Gedragsgenetica - onderzoeksgebied dat onderzoekt hoe het genoom en het milieu interageren om een bepaald kenmerk te produceren (vaak bij dieren).

Dieronderzoek - uit proeven van TYRON en COOPER & ZUBEK (ratten in 'normale' omgeving en in verarmde omgeving) blijkt dat milieu en erfelijkheid interageren in het tot uiting brengen van gedrag: enkel als de omgeving voldoende rijk is, kan een genetisch verschil in intelligentie tot uiting komen.

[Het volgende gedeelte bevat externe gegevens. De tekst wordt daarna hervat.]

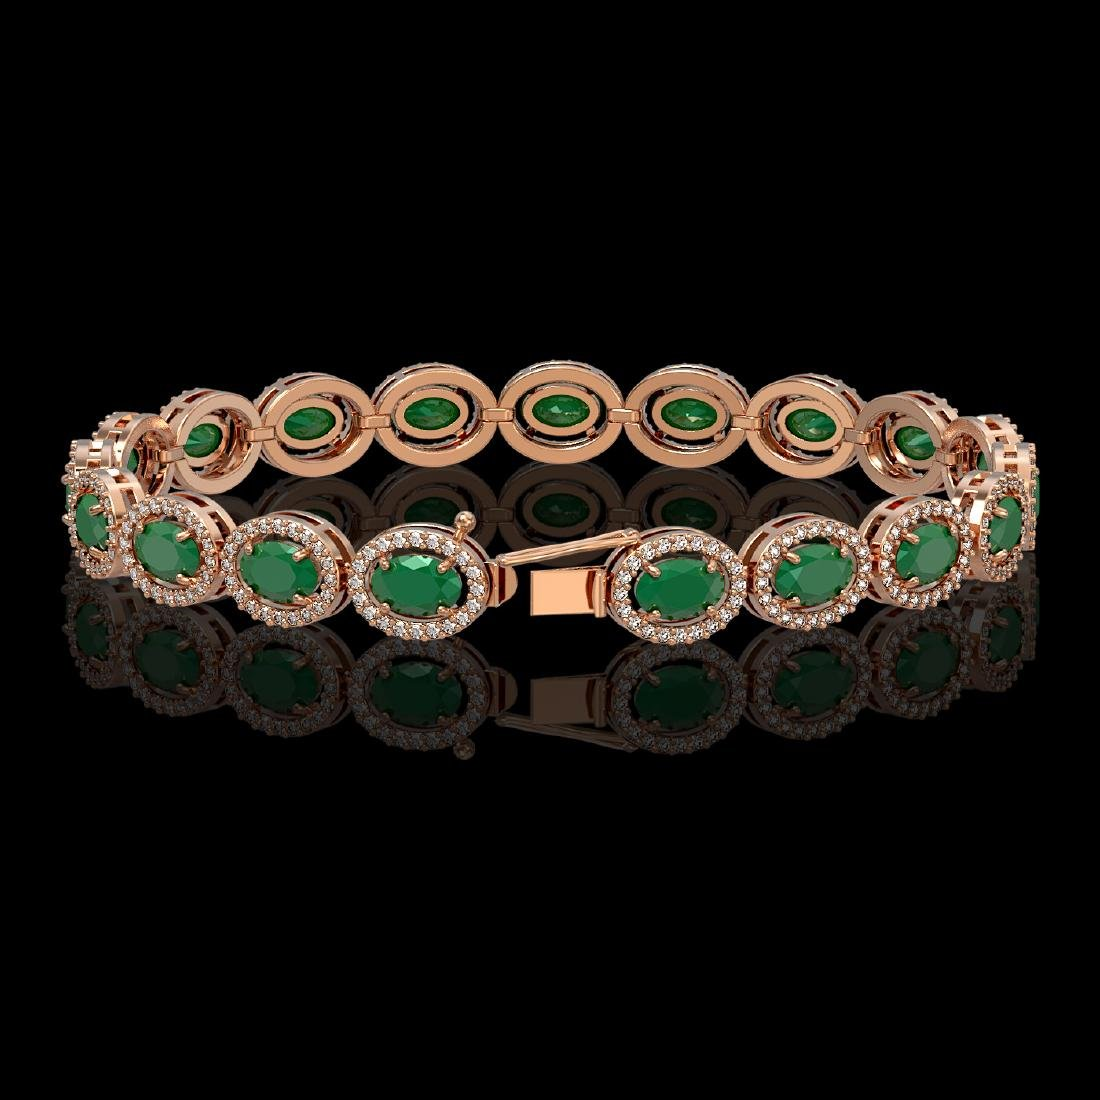 15.2 CTW Emerald & Diamond Halo Bracelet 10K Rose Gold - 2

Ander onderzoek heeft aangetoond dat hersenschors van ratten in verarmde omgeving dunner is dan van ratten die in een verrijkte omgeving opgroeien --> meer synaptische verbindingen.

Biotechnologie - het identificeren van genen en het nagaan van hun functies door genen uit te schakelen en de effecten hiervan te bestuderen (knock-out experimenten) of door genen in andere organismen in te platen en opnieuw te kijken naar de effecten hiervan.

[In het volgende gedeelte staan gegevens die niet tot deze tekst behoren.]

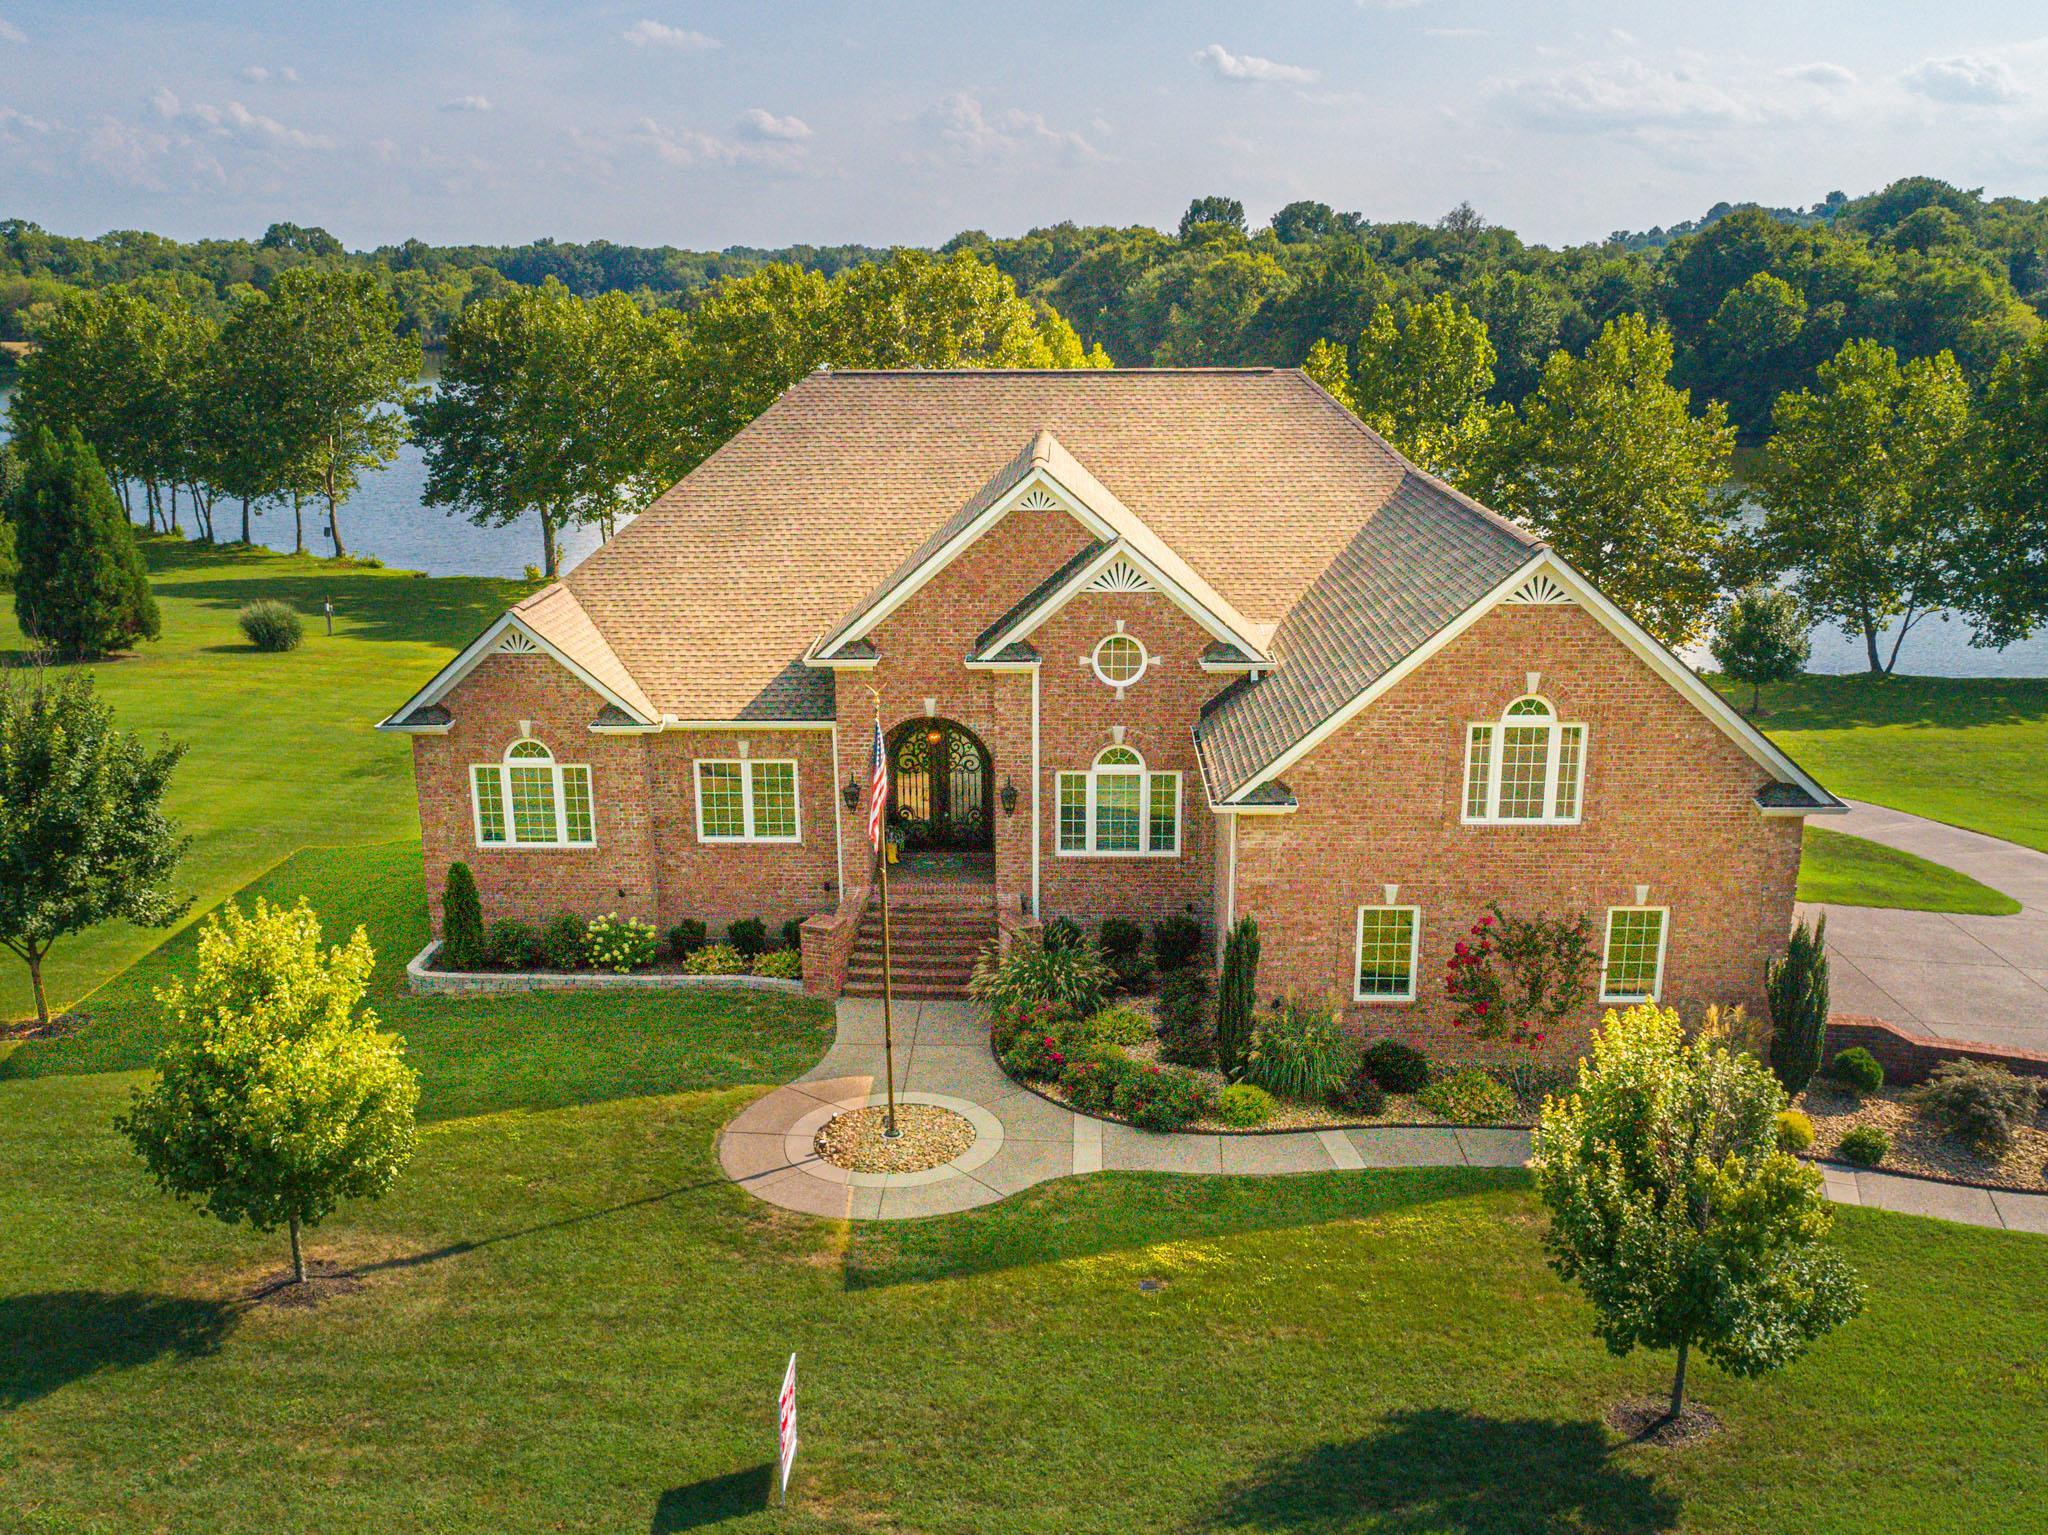 1000 Shimmering Way, Gallatin, TN 37066 - Gallatin, TN real estate listing

Mensonderzoek - 3 klassieke methodes:

  1. vergelijken van eeneiige (identieke of monozygotische tweelingen, zijn ontstaan uit dezelfde bevruchte eicel en hebben dus hetzelfde DNA) en twee-eiige tweelingen (dizygotische tweelingen, zijn ontstaan uit twee verschillende bevruchte eicellen en hebben dus niet meer basenparen met elkaar gemeen dan andere broers en zussen). Om na te gaan of een bepaalde eigenschap genetisch beinvloed wordt, kan men de overeenkomst vergelijken tussen eeneiige en twee-eiige tweelingen, deze overeenkomst kan uitgedrukt worden als correlatiecoëfficiënt of als concordantiegraad
  2. het bestuderen van adoptiekinderen; Hierbij kan men de genetische invloed bestuderen los van de omgevingsinvloed.
  3. het bestuderen van families met een bepaald kenmerk (evt icm genetisch onderzoek).